We now use LlamaIndex abstractions to build a **custom query engine**. In contrast to a standard RAG query engine that will retrieve the text node and only put that into the prompt (response synthesis module), this custom query engine will also load the image document, and put both the text and image document into the response synthesis module.

In [None]:
from llama_index.core.query_engine import CustomQueryEngine, SimpleMultiModalQueryEngine
from llama_index.core.retrievers import BaseRetriever
from llama_index.multi_modal_llms.openai import OpenAIMultiModal
from llama_index.core.schema import ImageNode, QueryBundle, NodeWithScore
from llama_index.core.prompts import PromptTemplate


gpt_4o = OpenAIMultiModal(model="gpt-4o", max_new_tokens=4096)


QA_PROMPT_TMPL = """\
Below we give parsed text from slides in two different formats, as well as the image.

We parse the text in both 'markdown' mode as well as 'raw text' mode. Markdown mode attempts \
to convert relevant diagrams into tables, whereas raw text tries to maintain the rough spatial \
layout of the text.

Use the markdown context, but keep in mind the parsed data may be incorrect. Try to correlate
data from text mode and the image to markdown. If you notice inconsistencies, then rely on your understanding
of text mode and the image to give the response instead.
---------------------
{context_str}
---------------------
Given the context information and not prior knowledge, answer the query. Explain whether you got the answer
from the parsed markdown or raw text or image, and if there's discrepancies, and your reasoning for the final answer.

Query: {query_str}
Answer: """

qa_prompt = PromptTemplate(QA_PROMPT_TMPL)

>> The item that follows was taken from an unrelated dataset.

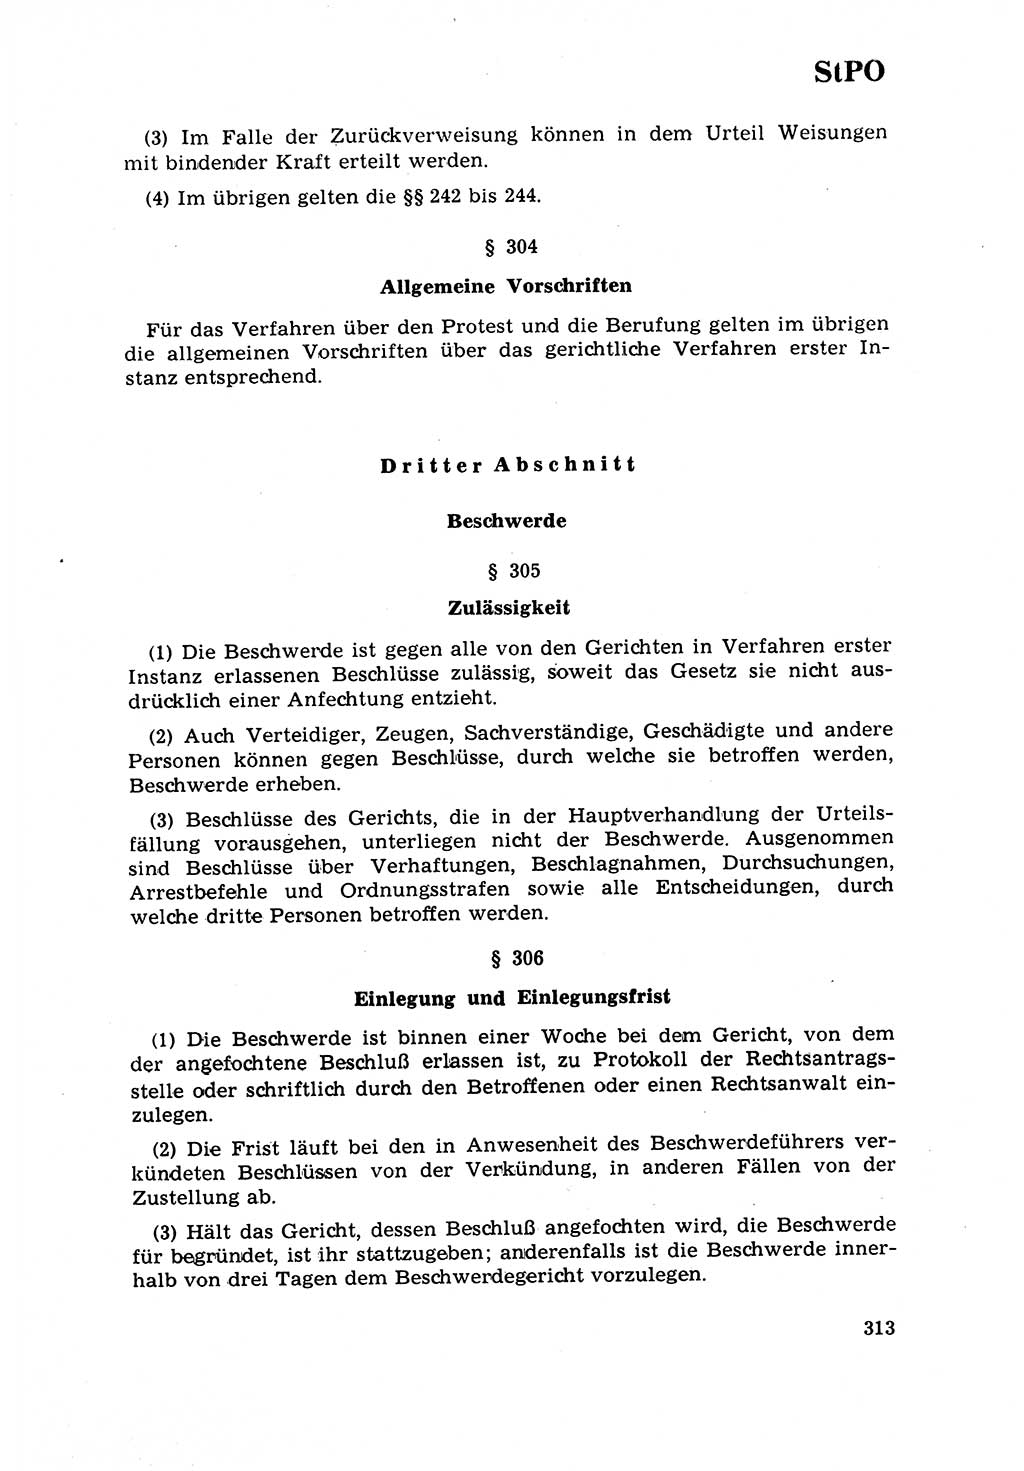 Strafrecht [Deutsche Demokratische Republik (DDR)] 1968, Seite 313 (Strafr. DDR 1968, S. 313)

class MultimodalQueryEngine(CustomQueryEngine):
    """Custom multimodal Query Engine."""

    retriever: BaseRetriever
    multi_modal_llm: OpenAIMultiModal

    def custom_query(self, query_str: str):
        nodes = self.retriever.retrieve(query_str)

        # create ImageNode items from text nodes
        image_nodes = [
            NodeWithScore(node=ImageNode(image_path=n.metadata["image_path"]))
            for n in nodes
        ]

        # TODO: we just use the `synthesize` mode from `SimpleMultiModalQueryEngine`
        # which synthesizes information from a query string and a set of text and image chunks.
        query_engine = SimpleMultiModalQueryEngine(
            self.retriever,  ## unused
            multi_modal_llm=self.multi_modal_llm,
            text_qa_template=qa_prompt,
        )
        response = query_engine.synthesize(
            QueryBundle(query_str=query_str),
            nodes + image_nodes
            # image_nodes ## TMP
        )

        return response

In [None]:
query_engine = MultimodalQueryEngine(
    retriever=index.as_retriever(similarity_top_k=9), multi_modal_llm=gpt_4o
)

### Define Baseline

In addition, we define a "baseline" where we rely only on text-based indexing. Here we can directly do `index.as_query_engine` to get back the "default" query engine over the index.

In [None]:
base_query_engine = index.as_query_engine(llm=llm, similarity_top_k=9)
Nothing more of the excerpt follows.